Why? Because I refused to be unhealthy when I could just as easily prevent it with better choices.

So now we're back at Dana's question....was my "why" moment when Trisha died? I'd already made a commitment, so in a way the answer is no, but it's also a "yes" in a different way.

I made a commitment to not only help myself but to help others.

The absolute biggest regret in my life will always be that I didn't help my sister, that I didn't push her more to change her habits, that I didn't get over my fear of her reaction and just call her out on her choices.
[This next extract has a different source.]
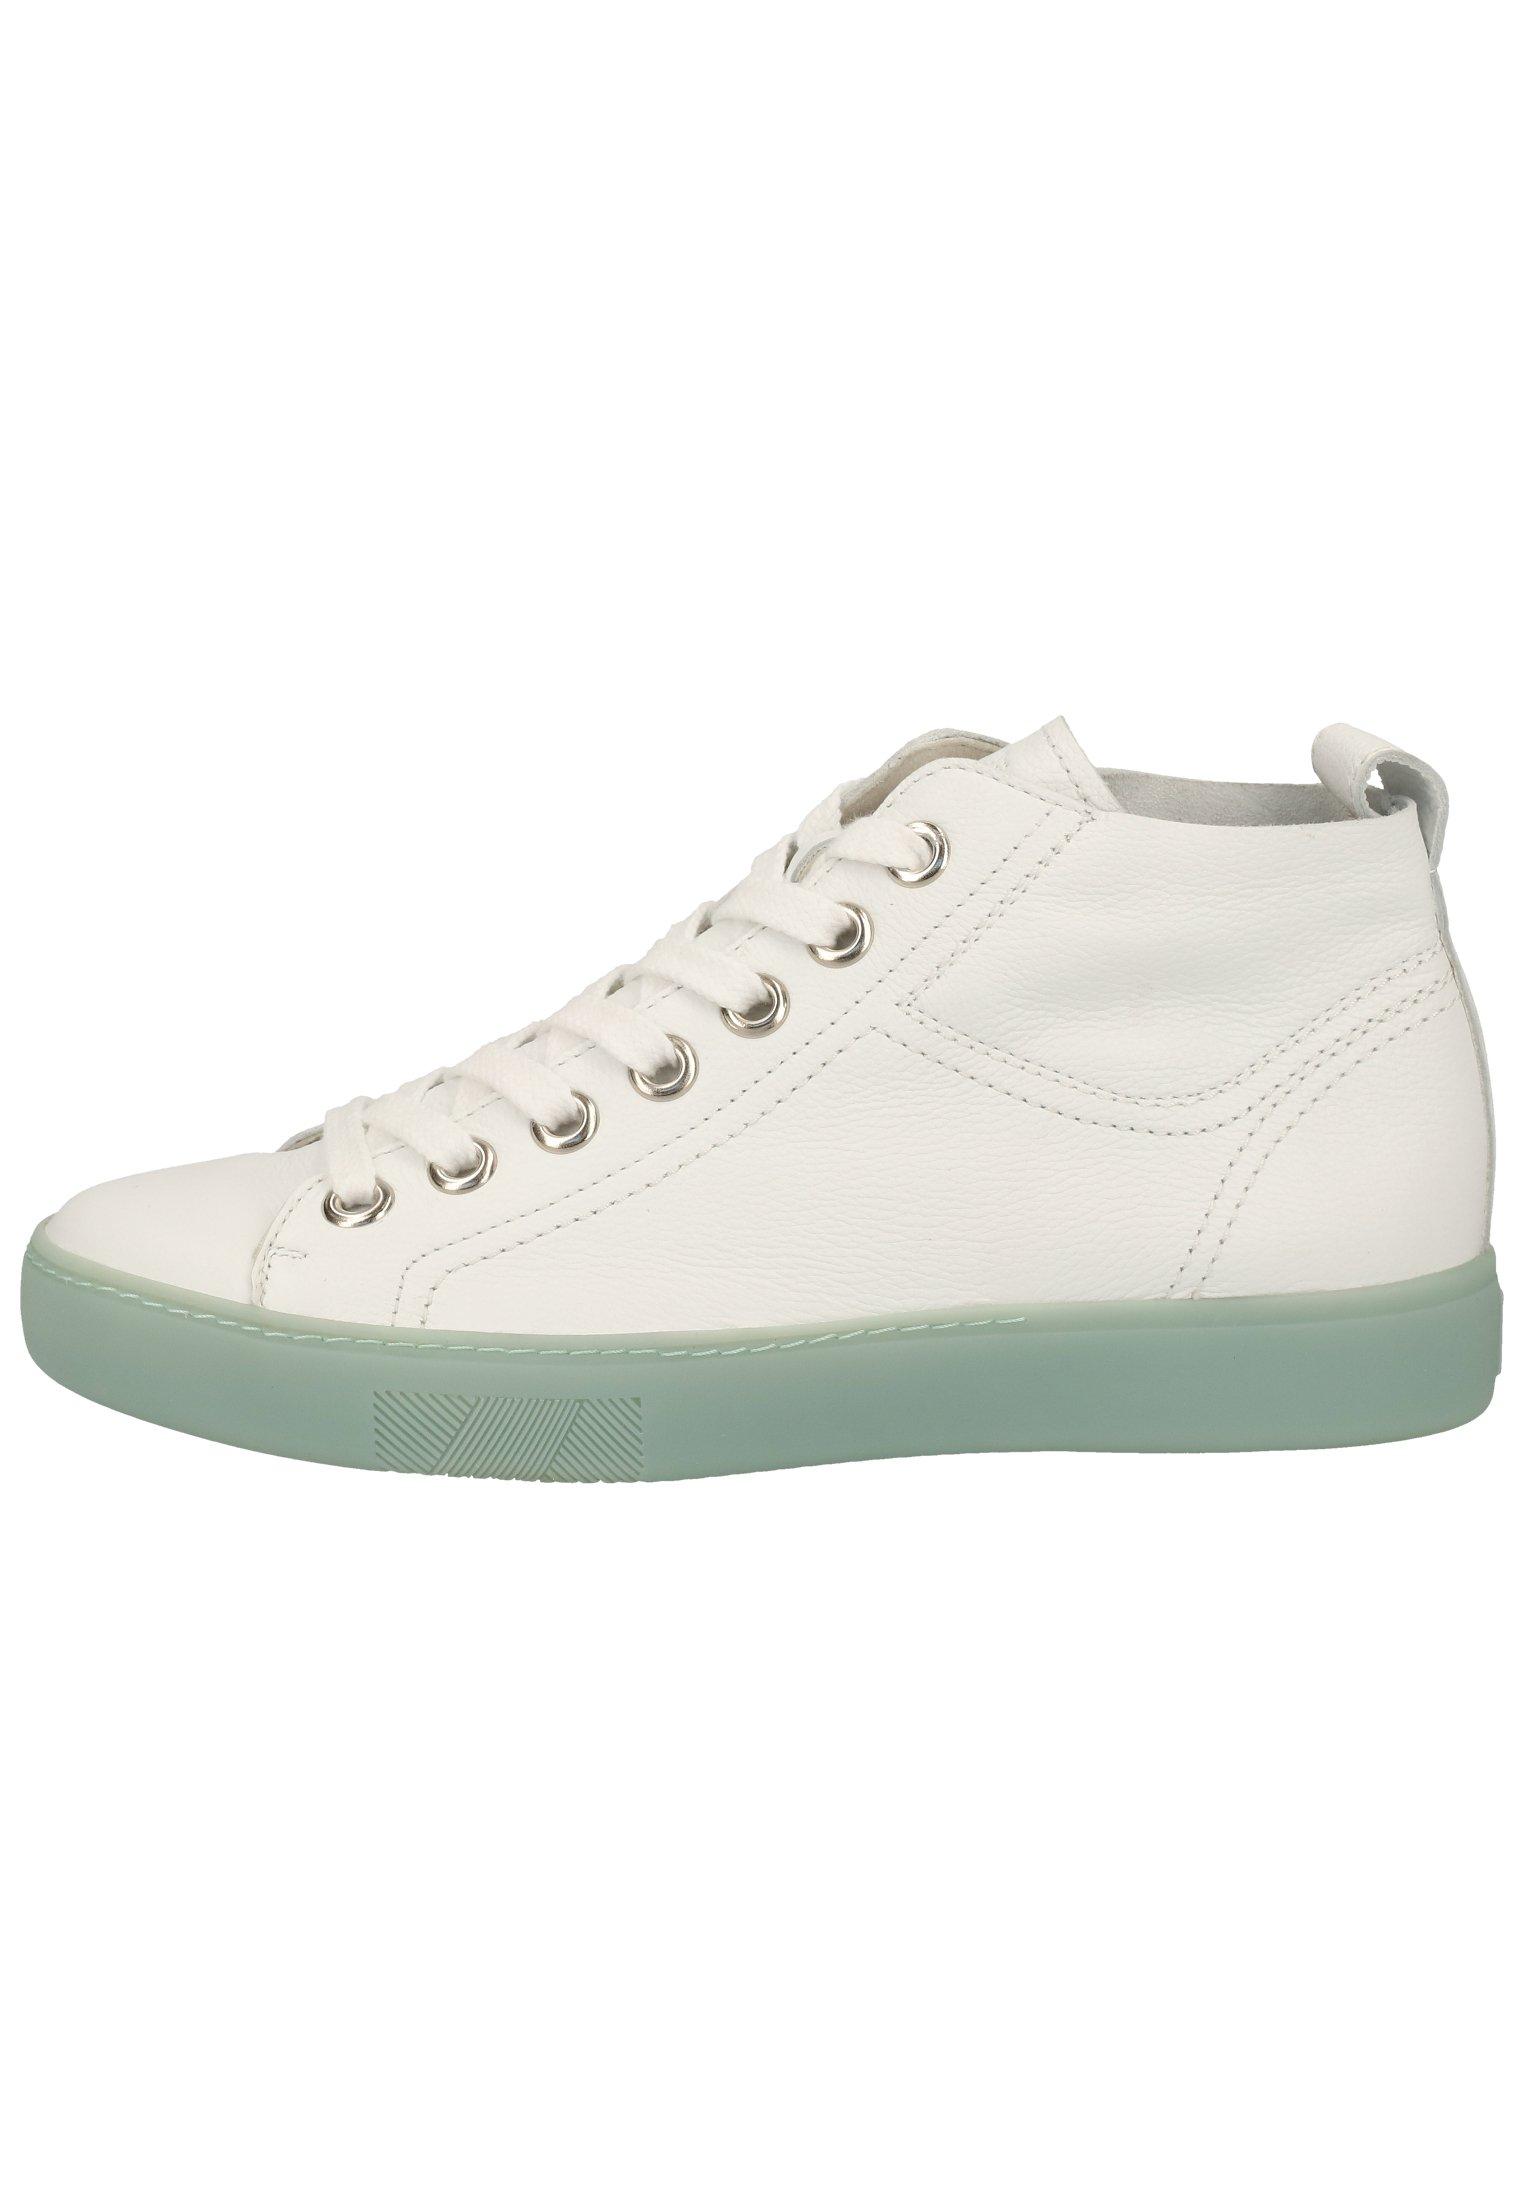 Sneaker high whitemint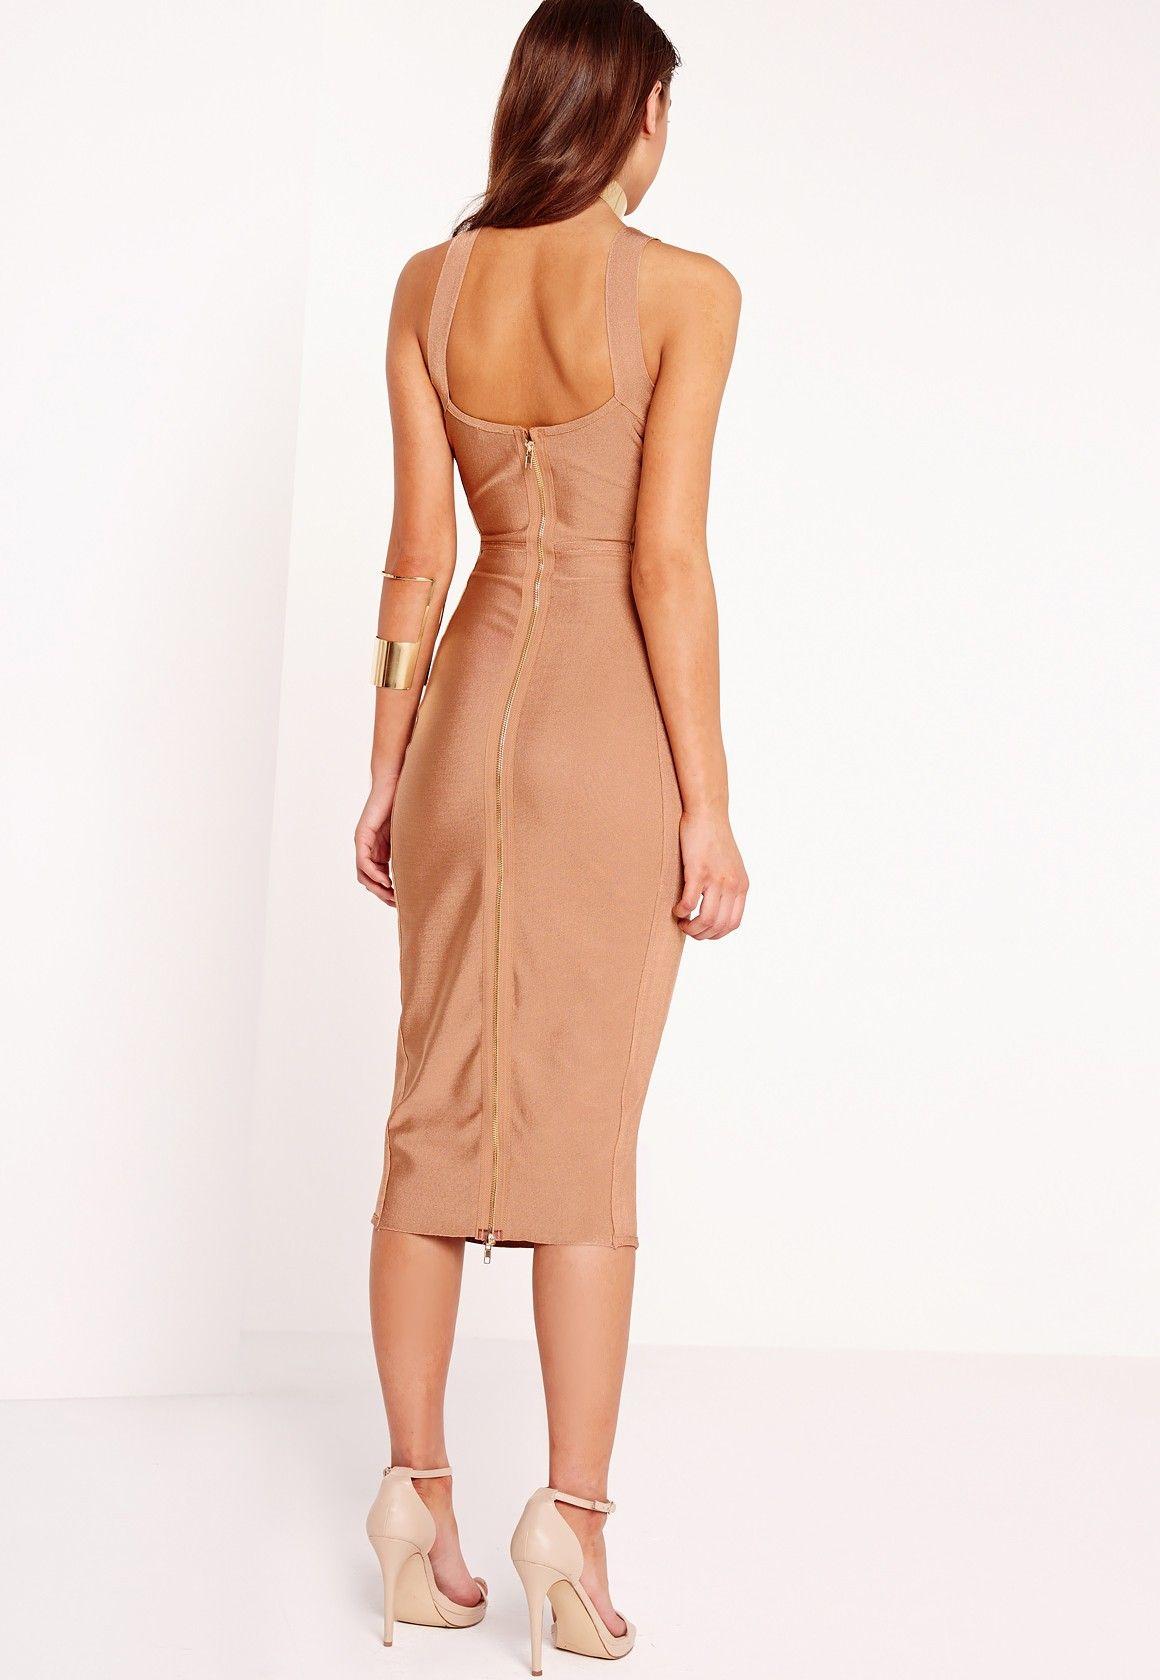 Missguided Peace Love Zip Back Bandage Midi Dress Tan Women Dress Online Bandage Midi Dress Womens Dresses [ 1680 x 1160 Pixel ]

No matter how many times someone tells me her death is not my fault and I could not have prevented it, I will always believe I could have done more.

I don't want anyone else to feel this way.

I want everyone I encounter to understand that no matter what, we have a choice to lead a healthy lifestyle, we have a choice to be a good example to our children, we have a choice to make changes in our eating and exercise habits, we have a choice to get to a healthy weight and be strong, we have a choice to not fall victim to age, we have a choice to be our very best every single day.


It doesn't matter to me what your "why" moment is...I just want you to find it. It can be superficial ("I want to look good naked"). It can be sad ("I lost my spouse to Type 2 diabetes complications). It can be anything, as long as you find it.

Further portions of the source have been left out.